6. US7479949 — Multi-Touch

Assignee: Apple Inc · Value: Defined the smartphone interface

Not "a touchscreen" — those existed for decades. This patent covered the specific gesture-detection system that could distinguish a scroll from a tap from a pinch, using heuristics about finger movement patterns. Every smartphone shipped after 2007 either licensed this approach or spent years developing workarounds.

7. US4237224 — Recombinant DNA (Cohen-Boyer)

Assignee: Stanford University · Value: Enabled the entire biotech industry

The fundamental method for splicing genes into bacteria to produce proteins. Licensed to over 400 companies, generating $255M in royalties for Stanford. Every biologic drug — insulin, growth hormone, monoclonal antibodies — starts with this technique. The patent was deliberately licensed cheaply and non-exclusively to encourage adoption.

8. US8697359 — CRISPR Gene Editing

Assignee: Broad Institute (MIT/Harvard) · Value: Still unfolding — potentially trillions

The method for using Cas9 to edit specific DNA sequences in living cells. The patent battle between Broad and UC Berkeley was the most expensive in biotech history. The winner controls the foundational IP for editing the human genome — with applications in every disease with a genetic component.

9. US9402913 — Sovaldi (Sofosbuvir)

Assignee: Gilead/Pharmasset · Revenue: $10B+ in first year

The first true cure for Hepatitis C — >95% cure rate with a pill, replacing a year of painful interferon injections with ~50% success. Gilead paid $11B for Pharmasset to acquire this patent. They recouped it in 18 months.

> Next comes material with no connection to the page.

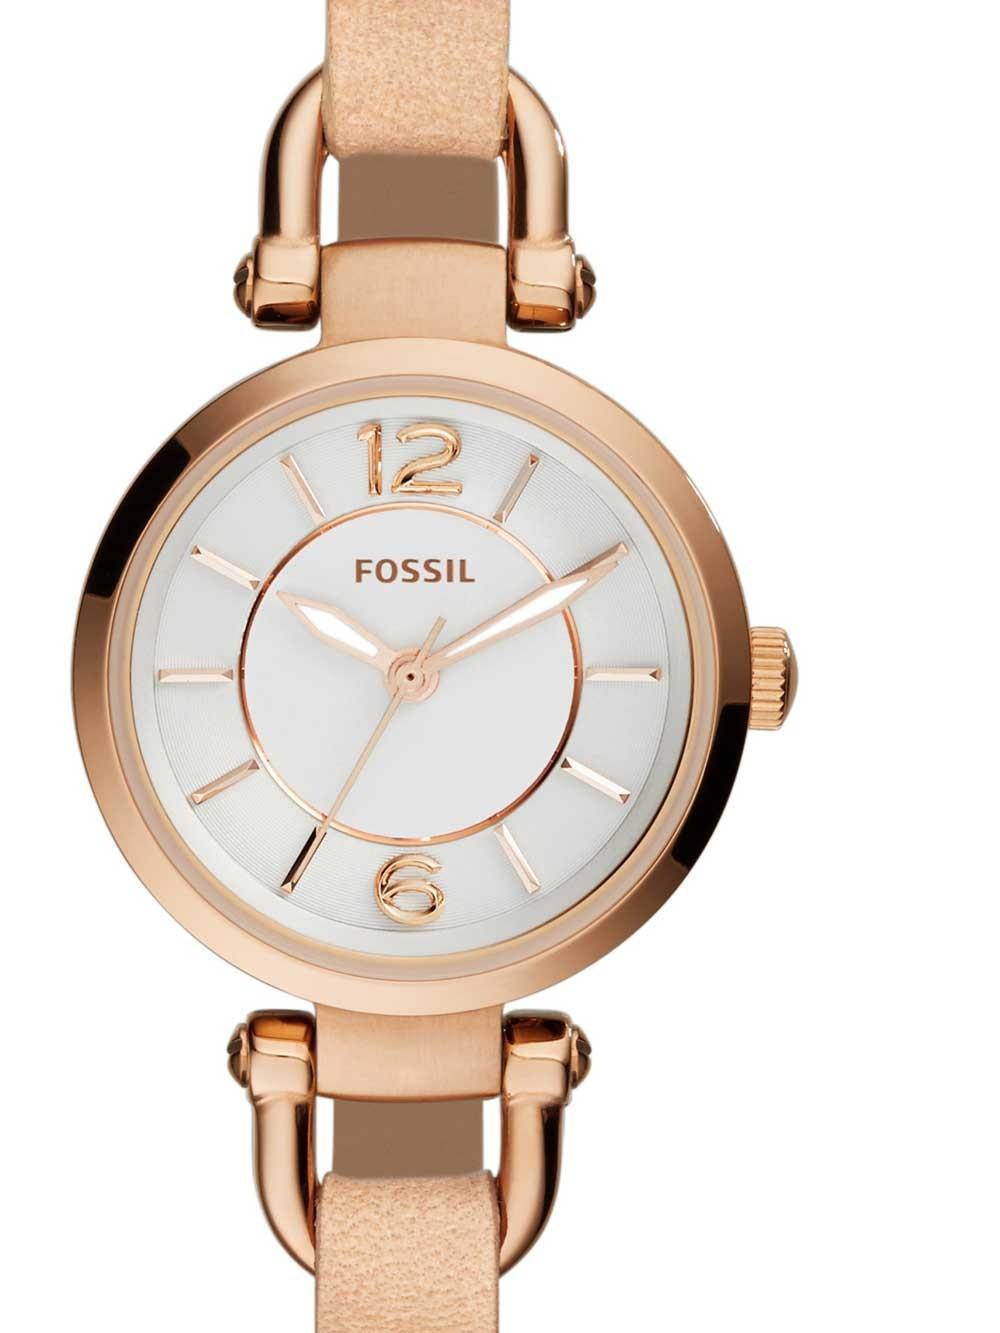 watches chrono12 fossil es3745 georgia damen 26mm 5atm. Black Bedroom Furniture Sets. Home Design Ideas

10. US8580275 — CAR-T Cell Therapy

Assignee: MSKCC/Juno · Value: Opened a new cancer treatment modality

The method for engineering a patient's own T-cells to recognize and kill cancer cells. Not a drug — a process for reprogramming the immune system. The first CAR-T therapies (Kymriah, Yescarta) cost $373,000–$475,000 per patient — and worked when nothing else did.

The pattern

Every patent on this list shares one trait: the claims covered the mechanism, not the outcome. Lipitor didn't claim "lowering cholesterol" — it claimed the specific molecule. PageRank didn't claim "ranking web pages" — it claimed the specific link-analysis algorithm. Multi-Touch didn't claim "a touchscreen" — it claimed the specific gesture-recognition heuristics.

If your patent application describes what your invention does instead of how it does it, you're writing a marketing document, not a patent.